The problems often involve large, sparse, or sorted matrices, mirroring real-world data constraints. You'll be evaluated on writing clean, bug-free code under pressure, with a strong emphasis on optimal time and space complexity.

How to Prepare — Study Tips with One Code Example

Master a handful of core patterns. Depth-first search (DFS) for connected components is essential for problems like "Number of Islands." Practice performing in-place rotations by deriving the index transformation formula. For dynamic programming, start with the classic minimum path sum problem to build intuition.
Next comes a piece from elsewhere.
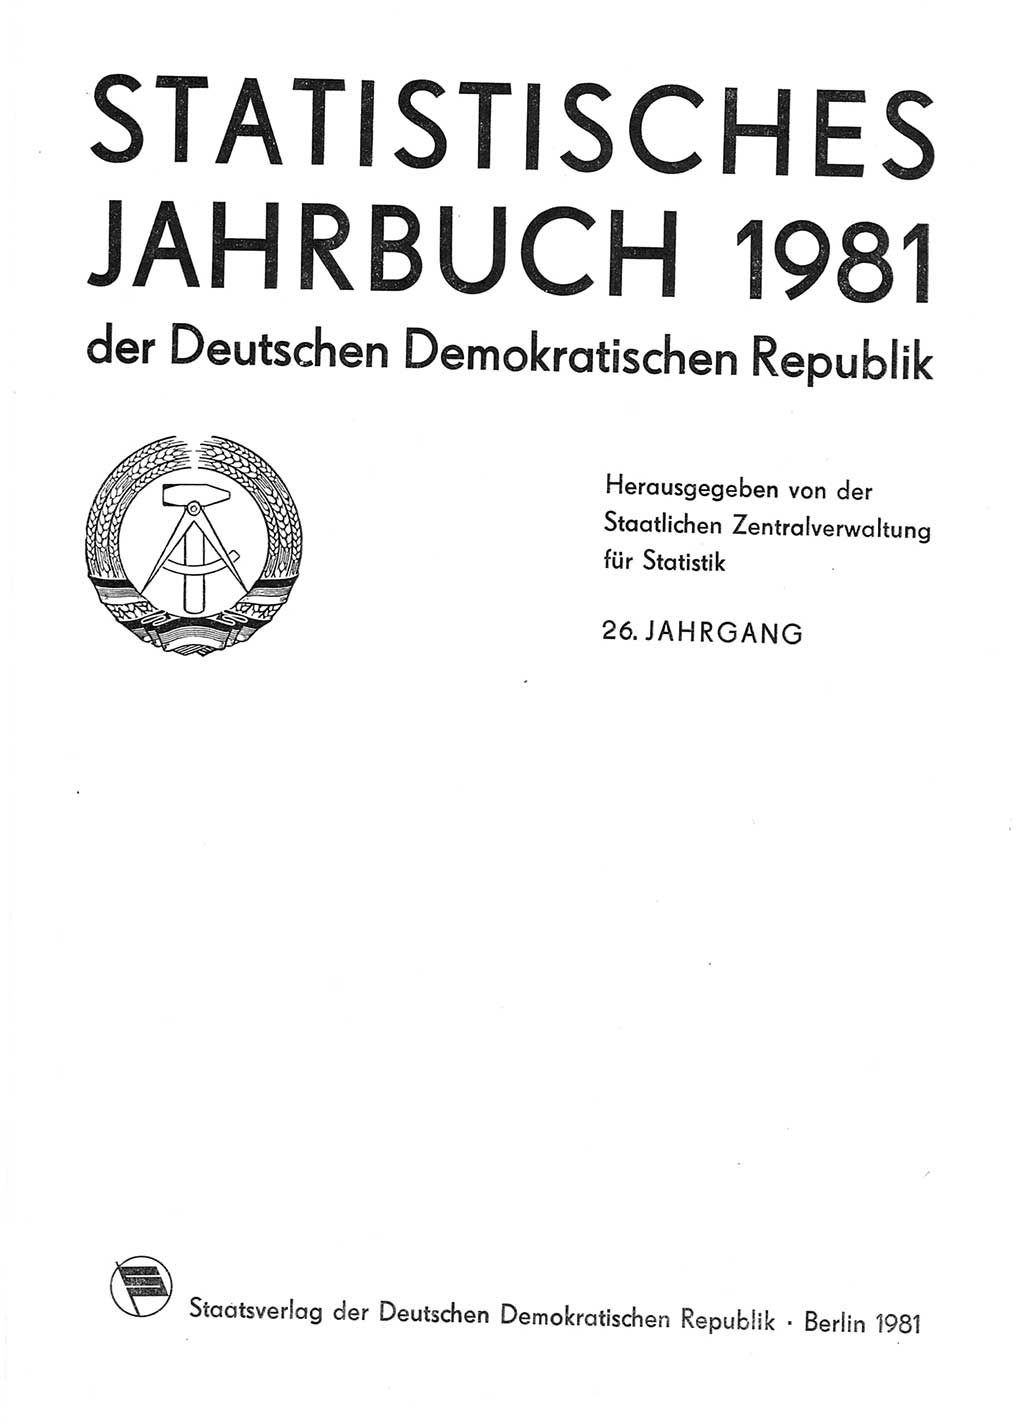 Statistisches Jahrbuch der Deutschen Demokratischen Republik (DDR) 1981, Seite 1 (Stat. Jb. DDR 1981, S. 1)

A critical pattern is simulation-based traversal, such as moving in a spiral order. The key is to maintain boundaries (top, bottom, left, right) and iterate systematically, adjusting the boundaries after processing each row or column.

def spiral_order(matrix):
    result = []
    if not matrix:
        return result
    top, bottom = 0, len(matrix) - 1
    left, right = 0, len(matrix[0]) - 1

    while top <= bottom and left <= right:
        # Traverse right
        for col in range(left, right + 1):
            result.append(matrix[top][col])
        top += 1
        # Traverse down
        for row in range(top, bottom + 1):
            result.append(matrix[row][right])
        right -= 1

        if top <= bottom:
            # Traverse left
            for col in range(right, left - 1, -1):
                result.append(matrix[bottom][col])
            bottom -= 1
        if left <= right:
            # Traverse up
            for row in range(bottom, top - 1, -1):
                result.append(matrix[row][left])
            left += 1
    return result
  1. Start with fundamental traversals: DFS/BFS for "Number of Islands" and "Rotting Oranges."
  2. Master simulation patterns: "Spiral Matrix" and "Rotate Image."
  3. Tackle dynamic programming on grids: "Minimum Path Sum" and "Unique Paths."
  4. Practice search in sorted matrices: "Search a 2D Matrix II."
  5. Combine concepts with harder problems like "Word Search" and "Set Matrix Zeroes."

Focus on writing correct, compilable code on your first try. Time yourself to simulate interview conditions.